Now we want to show that there is a feasible solution of the configuration-LP for \(I_{k}\) which uses only configurations with makespan \(1+\frac{1}{k}\). To this end, we introduce the concept of \(j-\alpha \) -solutions for the configuration-LP. A \(j-\alpha \)-solution is a solution for the configuration-LP whose right-hand side is modified as follows: job \(j\) does not need to be fully assigned but only to an extent of a fraction \(\alpha \le 1\). This value \(\alpha \) corresponds to the fraction of the big job assigned to a machine like \(m_v\) as described above.

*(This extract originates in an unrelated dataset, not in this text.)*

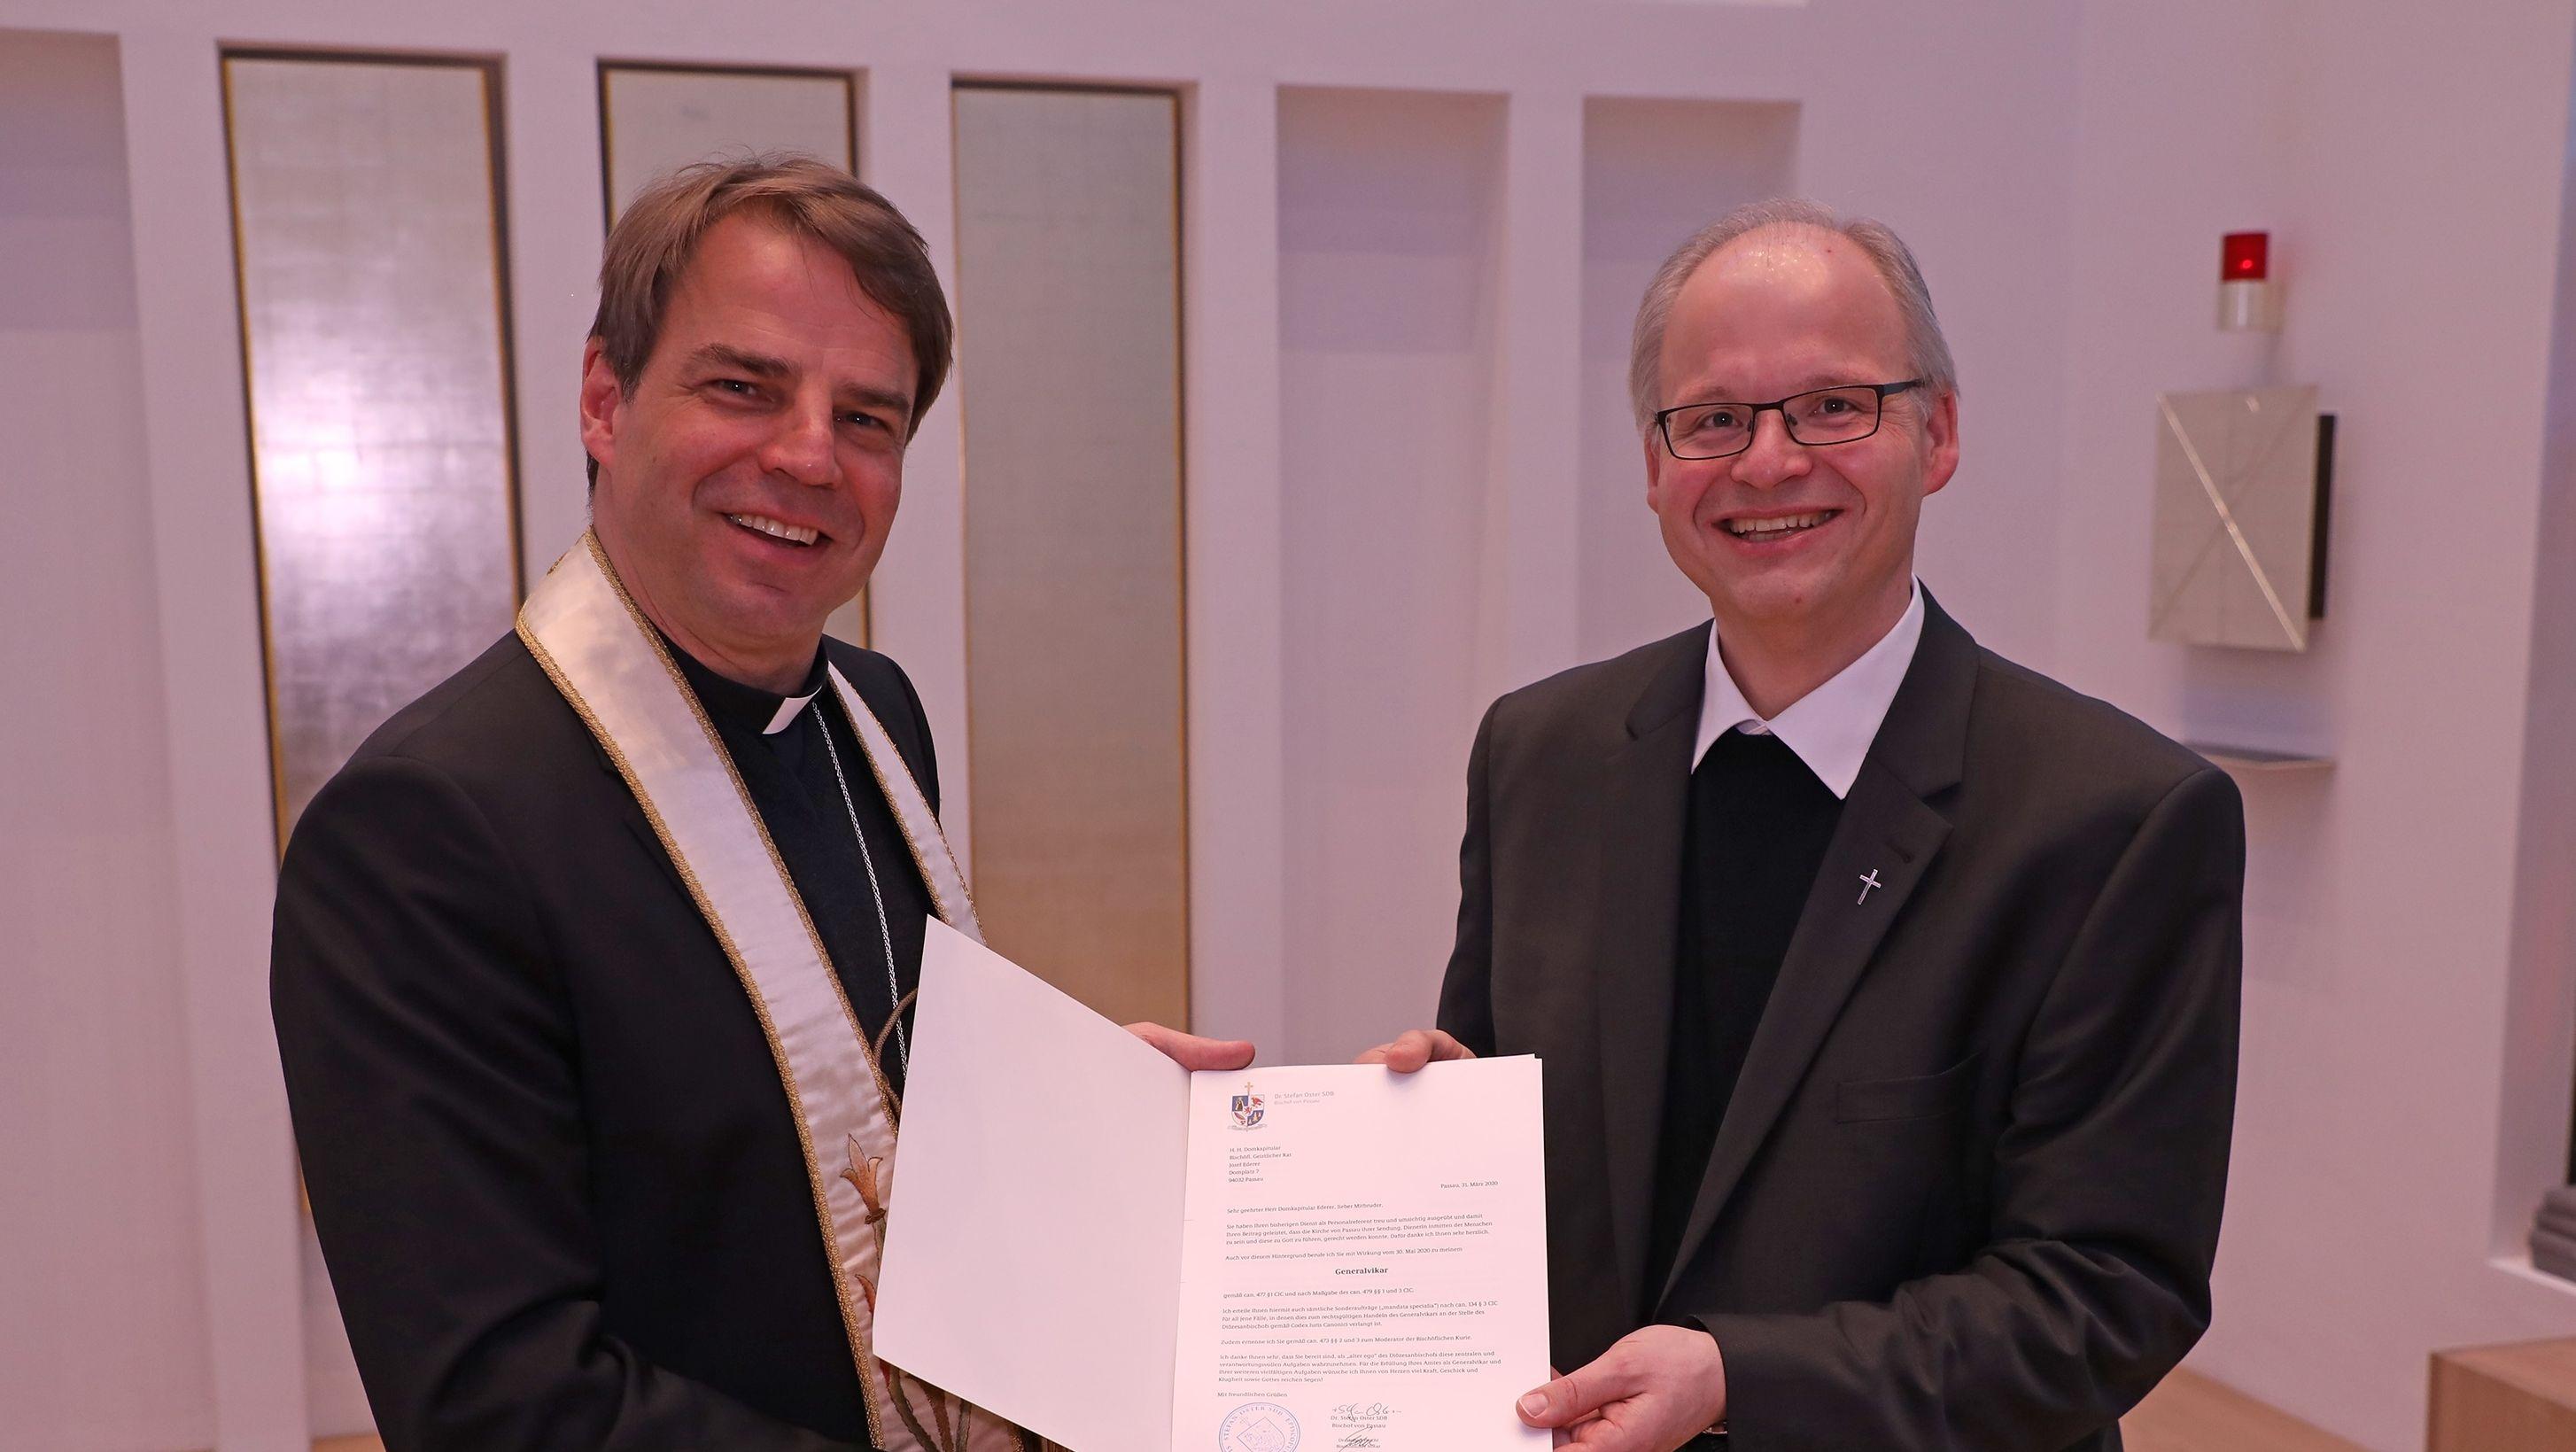 Bischof Stefan Oster überreicht Domkapitular Josef Ederer die Ernennungsurkunde zum Generalvikar

For any \(h\in \mathbb {N}\) denote by \(I_{k}^{(h)}\) a subinstance of \(I_{k}\) defined as follows: Take a vertex \(v\) whose distance to \(r_1\) equals to \(N-h\), and consider the subtree \(T(v)\) rooted at \(v\). That is, \(T(v)\) is the set of all vertices whose shortest path to \(r_1\) passes through \(v\). Note that \(h\) can be interpreted as the height of \(v\) in the corresponding tree. For the subinstance \(I_{k}^{(h)}\), we take all machines and jobs which correspond to vertices and edges in \(T(v)\). We remark that since our construction is symmetric it does not matter which vertex \(v\) of distance \(N-h\) to \(r_1\) (or \(r_2\)) we take. Additionally, we take the job which has processing time \(1\) on \(m_{v}\). We denote the latter by \(j^{(h)}\). We prove inductively that there are \(j^{(h)}-\alpha ^{(h)}\)-solutions for the subinstances \(I_{k}^{(h)}\) for values \(\alpha ^{(h)}\) which depend only on \(h\). These values \(\alpha ^{(h)}\) increase for increasing \(h\). The important point is that \(\alpha ^{(N)}\ge \frac{1}{2}\). Hence, there are solutions for the configuration-LP which distribute \(j_{\mathrm {big}}\) on the two machines \(m_r^{(1)}\) and \(m_r^{(2)}\) (which correspond to the two root vertices).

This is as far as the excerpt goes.